UNITED STATES NUCLEAR REGULATORY COMMISSION ATOMIC SAFETY AND LICENSING BOARD


x In re:

Docket Nos. 50-247-LR; 50-286-LR License Renewal Application Submitted by ASLBP No. 07-858-03-LR-BD01 Entergy Nuclear Indian Point 2, LLC, DPR-26, DPR-64 Entergy Nuclear Indian Point 3, LLC, and Entergy Nuclear Operations, Inc.

February 13, 2015


x NEW YORK STATE FEBRUARY 2015 SUPPLEMENT TO PREVIOUSLY-ADMITTED CONTENTION NYS-25 Office of the Attorney General for the State of New York The Capitol State Street Albany, New York 12224

State of New York February 2015 Supplement to Previously-Admitted Contention NYS-25 ADDITIONAL BASES FOR PREVIOUSLY-ADMITTED CONTENTION NYS-25 For addition after NYS-25, existing ¶ 3.5:

¶ 3.6. On February 17, 2012, Entergy submitted an amendment to its license renewal application entitled Revised Reactor Vessel Internals Program and Inspection Plan Compliant with MRP-227-A, which revised and amended Entergys proposed aging management plan (AMP) for reactor vessel internals (RVIs). Entergy filing NL-12-037. Over the next 32 months, Entergy modified and developed the revised plan through numerous bi-lateral communications with NRC Staff and responses to a series of requests for additional information (RAIs) from NRC Staff. The February 2012 submission, as modified by those communications and RAI responses, constitutes Entergys Amended and Revised RVI Plan. In November 2014, NRC Staff issued Supplement 2 to the Safety Evaluation Report (SSER2) for Entergys license renewal application, which approved Entergys Amended and Revised RVI Plan. Entergys Amended and Revised RVI Plan is a new program. NL-12-037, Attachment 1, p. 3, 8.

¶ 3.7. Entergys current Amended and Revised RVI Plan is inadequate and violates 50 C.F.R. § 54.21(c)(1)(iii) because it does not address or manage the combined, synergistic aging effects of embrittlement and fatigue on reactor pressure vessel internal components including, but not limited to, the core baffle, intermediate shells, former plates and bolts (particularly the re-entrant corners, the baffle-to-baffle bolt locations, the core barrel-to-former bolt locations, and baffle-to-former bolt locations), core barrel (and its welds), lower core plate and support structures, clevis bolts, thermal shield, the lower support column and mixer, and the control rods and their associated guide tubes, plates, and welds. The failure of the current Amended and 1

State of New York February 2015 Supplement to Previously-Admitted Contention NYS-25 Revised RVI Plan to address or manage the combined, synergistic aging effects of embrittlement, fatigue, and other degradation forces on reactor pressure vessel internal components could have profound safety consequences for the State and its citizens.

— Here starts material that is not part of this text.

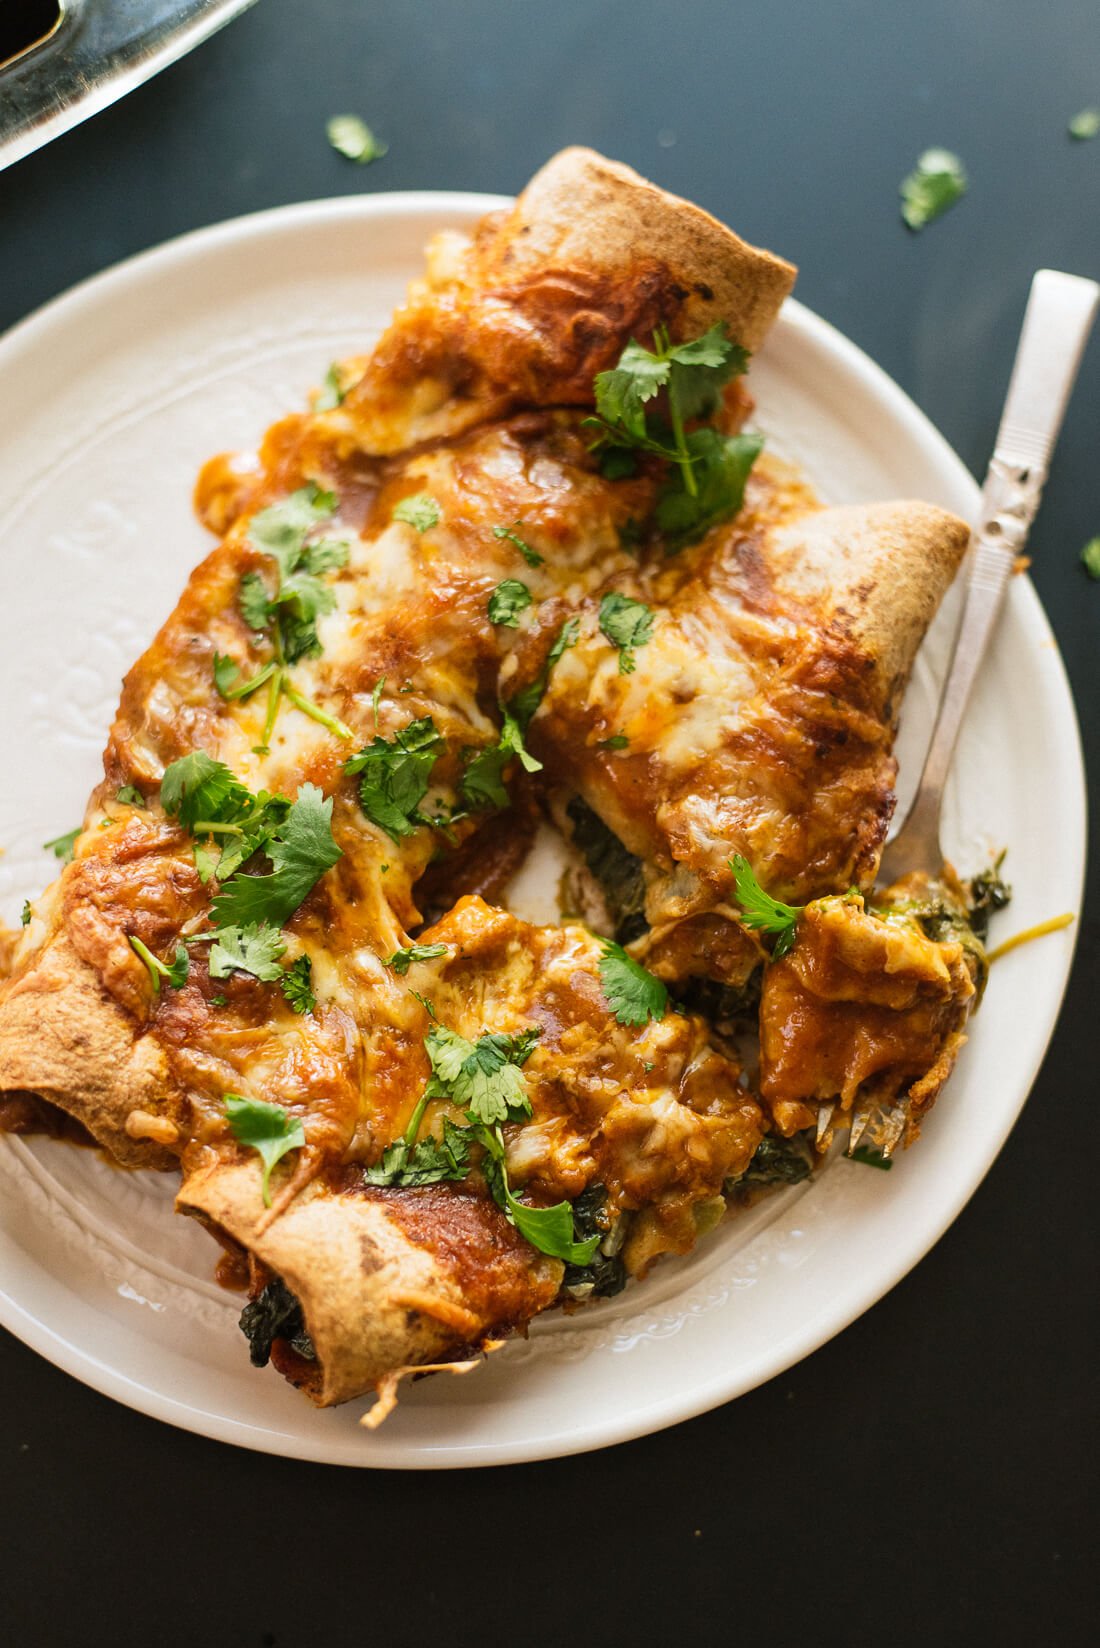 spinach artichoke enchiladas with a simple homemade red sauce

¶ 3.8. Contrary to the conclusions of Entergy and NRC Staff, Entergys Amended and Revised RVI Plan is inadequate under 50 C.F.R. § 54.21(c)(1)(iii) because it does not address or manage the combined, synergistic aging effects of embrittlement, fatigue, and other aging mechanisms on RVI components. Rather, Entergy has considered aging effects independently of each other, without accounting for the reality of the harsh conditions within the reactor vessel.

Furthermore, Entergy has reaffirmed that it will not take preventative actions in managing aging effects on RVIs, but instead will depend on periodic inspections to detect cracks or other signs of wear. NL-12-037, Attachment 1, p. 5 (The Reactor Vessel Internals Program is a condition monitoring program that does not include preventive actions.). This inspection-based plan fails to address the possibility that a shock load will cause highly fatigued and degraded RVI components to fail entirely prior to the appearance of cracks or other detectable signs of wear.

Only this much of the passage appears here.